Pressure is rising for urgent action to protect Australia’s fastest nectar-eater, the swift parrot, after its international status was changed to “critically endangered”. Source: Sydney Morning Herald
The bush speedster winters in Victoria and NSW, but faces a severe threat from predatory sugar gliders, which are aided by logging of its Tasmanian breeding grounds, according to scientific studies supporting the listing.
The International Union for the Conservation of Nature said the bird was so imperilled its population was likely to crash by 94.7% in three generations.
“It’s time now for the Tasmanian government to take this issue seriously,” said BirdLife Australia’s head of conservation Samantha Vine.
“This up-listing now puts the bird one step away from extinction in the wild,” she said. “There is a real risk of this in the very near future.”
Ms Vine said the problem was worsened in Tasmania by the fact the bird’s fate fell under the control of the state’s Regional Forest Agreement, rather than national endangered species legislation.
“The swift parrot is a great case study of what happens to a species when the federal government vacates the field,” Ms Vine said.
The conservation group Markets for Change called for an immediate halt to all logging of swift parrot habitat in Tasmania.
Its chief executive Peg Putt said the IUCN had asked for all areas of public land that supported swift parrots to be placed under secure conservation management.
An estimated 2000 surviving birds fly over Bass Strait in autumn and spread out across Victorian and New South Wales woodlands in search of flowering gum nectar, returning to Tasmanian tree hollows to nest in spring.

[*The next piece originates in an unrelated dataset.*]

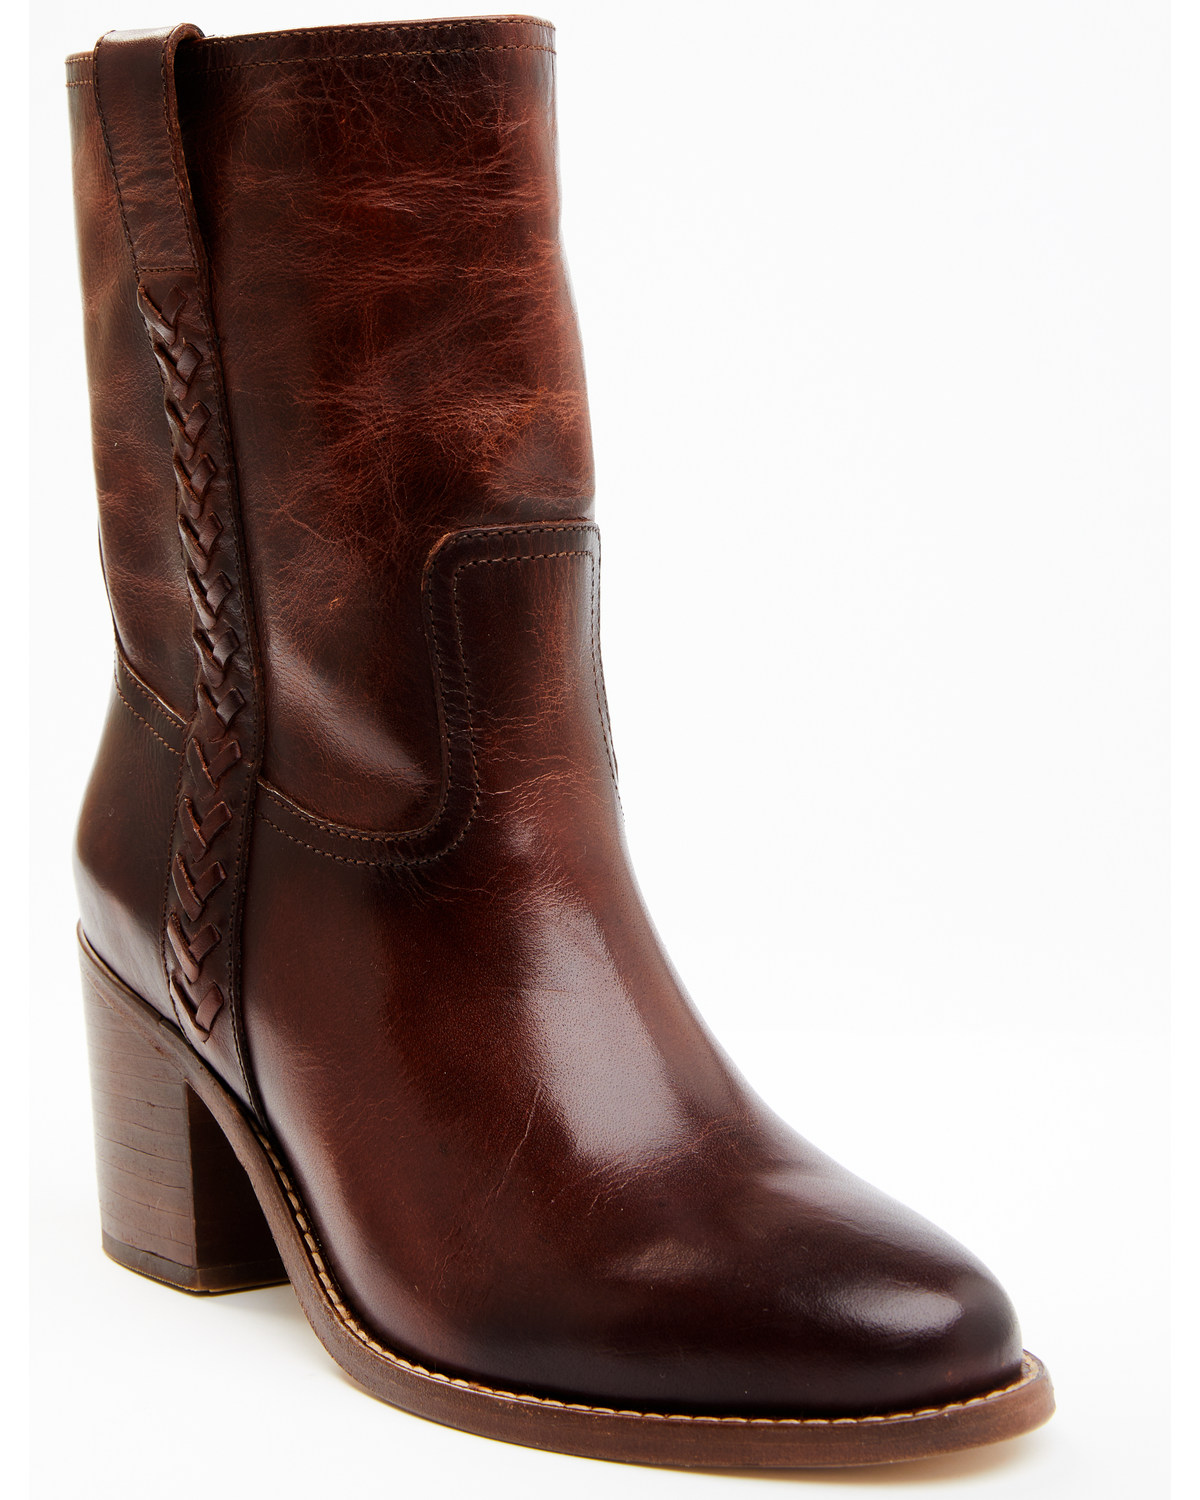 Cleo + Wolf Women's Cranberry Western Boots - Round Toe

Native forest logging had reduced their nest hollow options, making predation by the introduced sugar gliders easier, according to research led by Australian National University’s Dejan Stojanovic.
Dr Stojanovic said this season he had seen good numbers of the birds on Bruny island, which is free of gliders.
“But there are also a lot of birds in the Franklin forest block, south of Hobart, which is still being logged,” Dr Stojanovic said.
Efforts to address the crisis have been hampered by a breakdown in an inter-governmental swift parrot recovery team, with Tasmania absent from meetings.
The state government denied it had withdrawn from the team.
“The Commonwealth is taking steps to improve the governance of recovery teams and Tasmania is participating fully to assist the Commonwealth with that task,” a government spokesman said.
He said the government was continuing to protect swift parrots in Tasmania through strategic landscape scale conservation and policies that mitigated impacts on breeding and foraging habitat.
The federal government’s threatened species scientific committee also has a bid before it to reclassify the swift parrot as critically endangered. Its decision is expected next September.